In terms of the macro events, the main focus now is the meeting of European leaders on December 9, 2011.  Merkel is expected to press for greater fiscal integration of the EU.  The hope is that if this occurs, the ECB may be willing to step in and take more action.  We must remember that the Germans have, so far, stated strong opposition to more aggressive action on the part of the ECB.  Whether this is political posturing (stated so that greater fiscal controls are achieved before the ECB takes more action) or whether its a hard line in the sand is hard to say.  The hope is that with greater fiscal control at the European Union level, this will solve the moral hazard problem – mainly, that if the ECB financed the big spenders, the big spenders have no incentive to pay the ECB once the money has been delivered; they can continue to be undisciplined, because the ECB will be forced to save them or see the Euro fall apart.  Once the moral hazard problem is taken care of, the ECB can step in and lend more, perhaps by first lending to the IMF and then having the IMF lend to the countries in need of support.  This is, by the way, because the ECB cannot lend directly to individual countries.  If it sounds convoluted, it is.

I’m inclined to think the market will hold or perhaps go up for a few days, at least until the details of the European plan are released.  Likely that’s December 9th, but details could be leaked beforehand.  Likely, the most we will get is more European integration.  What the market really wants is printing money – the issuance of Eurobonds, which is not likely to be promised next week.  The ECB has hinted that they would do more if there greater fiscal integration, but they have not said what exactly, and I’m skeptical whether any announcement about Eurobonds would come next week.  I thinks the Germans will want to solidify the fiscal integration before moving on to printing money.

So most likely, next week’s announcements from the ECB will be a “sell the news” event.
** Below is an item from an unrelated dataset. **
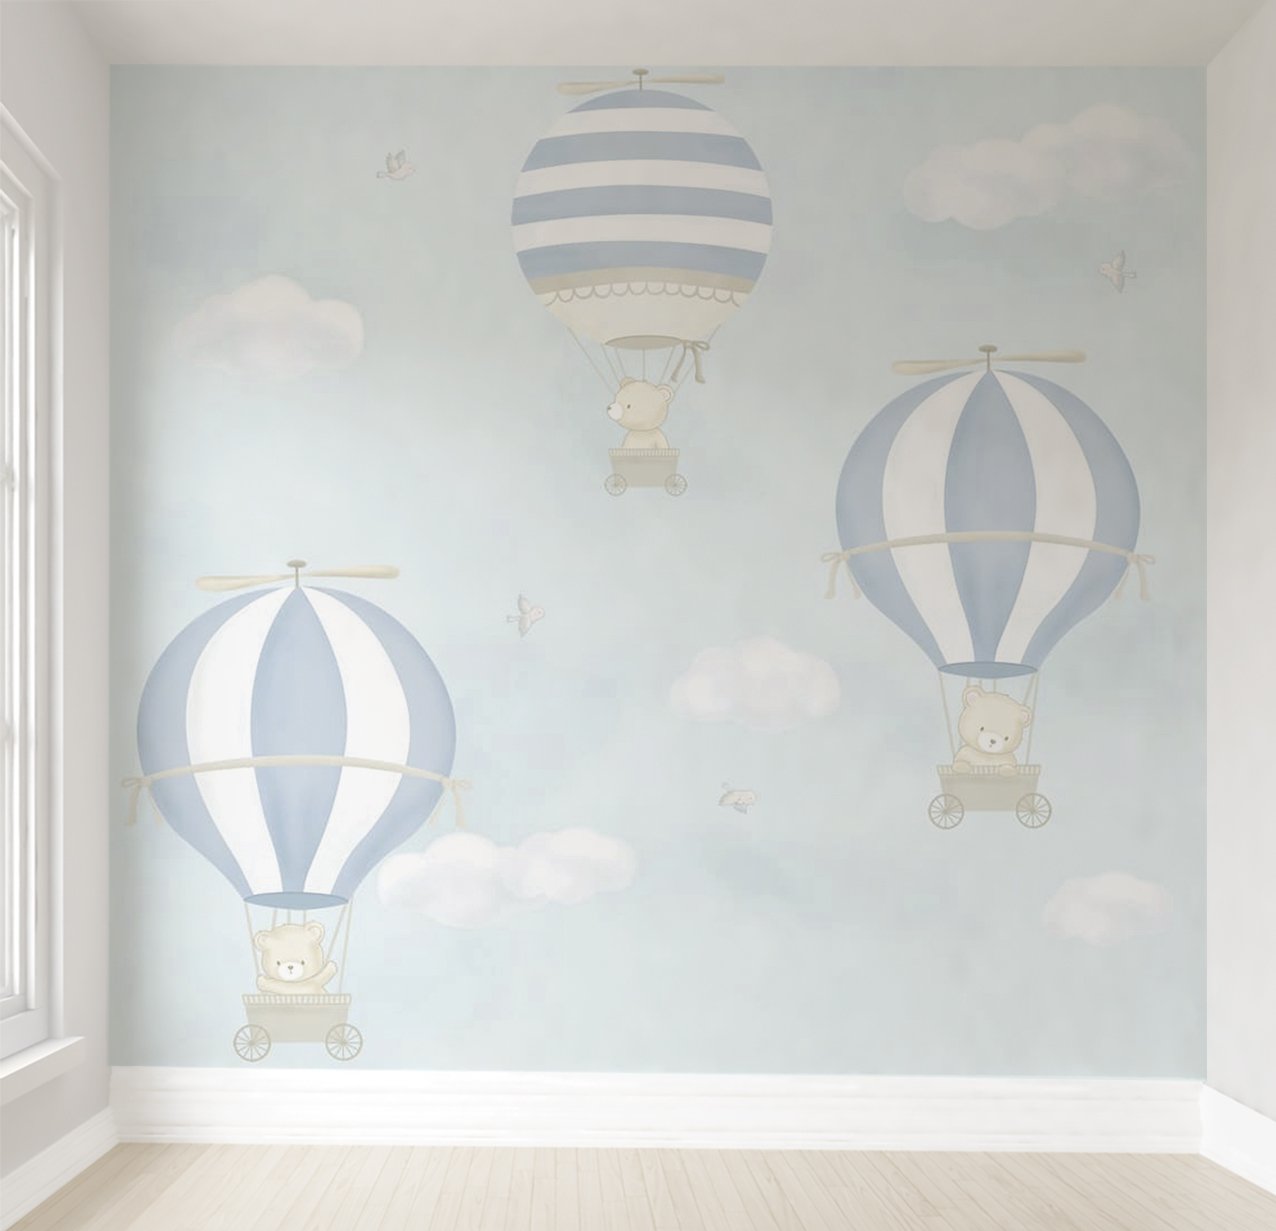 Papel de parede balão azul menino para quarto de bebê infantil M² PP98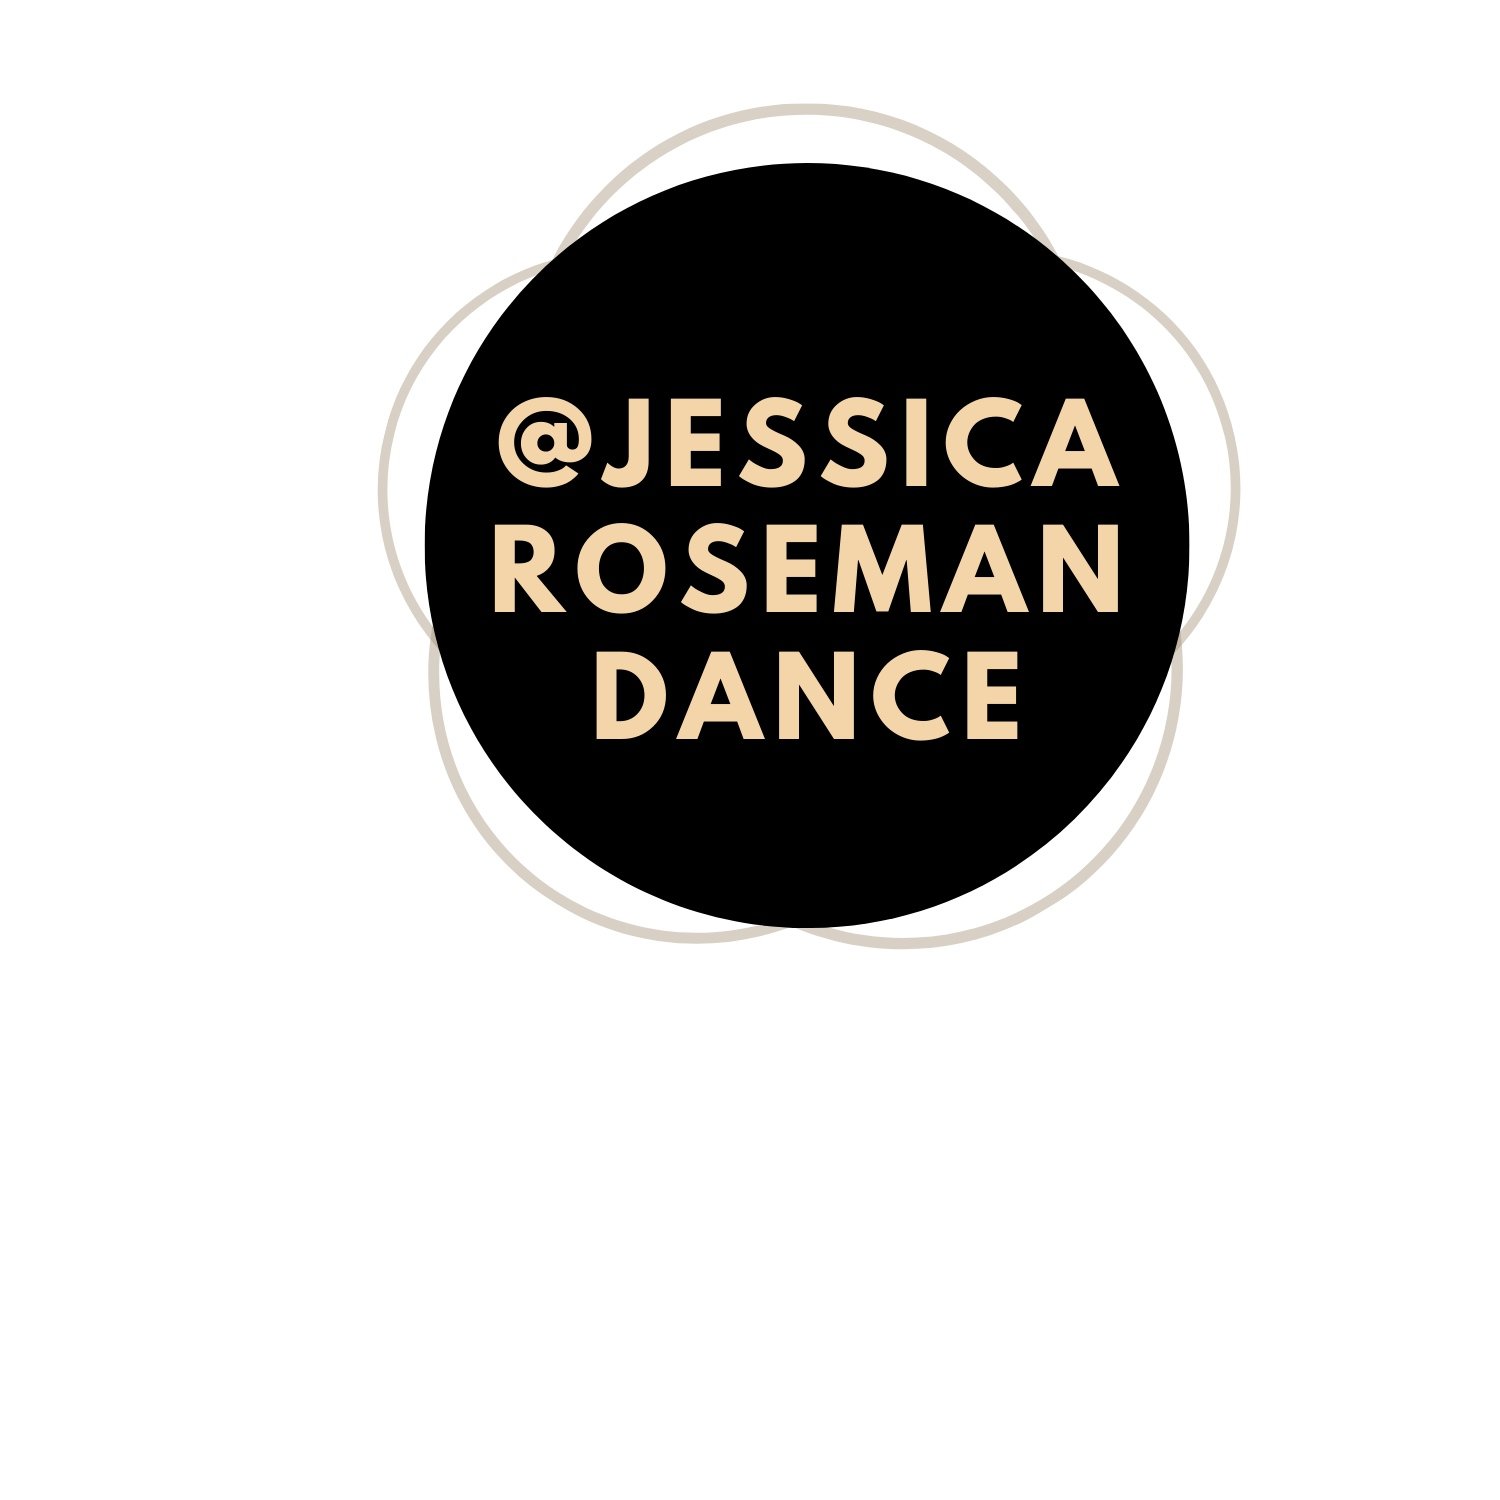 Jessica Roseman Dance

By the way, the reason I go through this is to determine a “baseline” of the most likely outcome and determine the course of action if the “most likely” outcome occurs.  But the “baseline” is also helpful because it tells me what to do if actual events deviate from the expectation.  So if we get Eurobonds, the market will go crazy upward.  If we don’t even get more fiscal integration, or very limited (for example, if Italy’s status remains unclear), then expend bond markets to press Italy and for US equities to decline.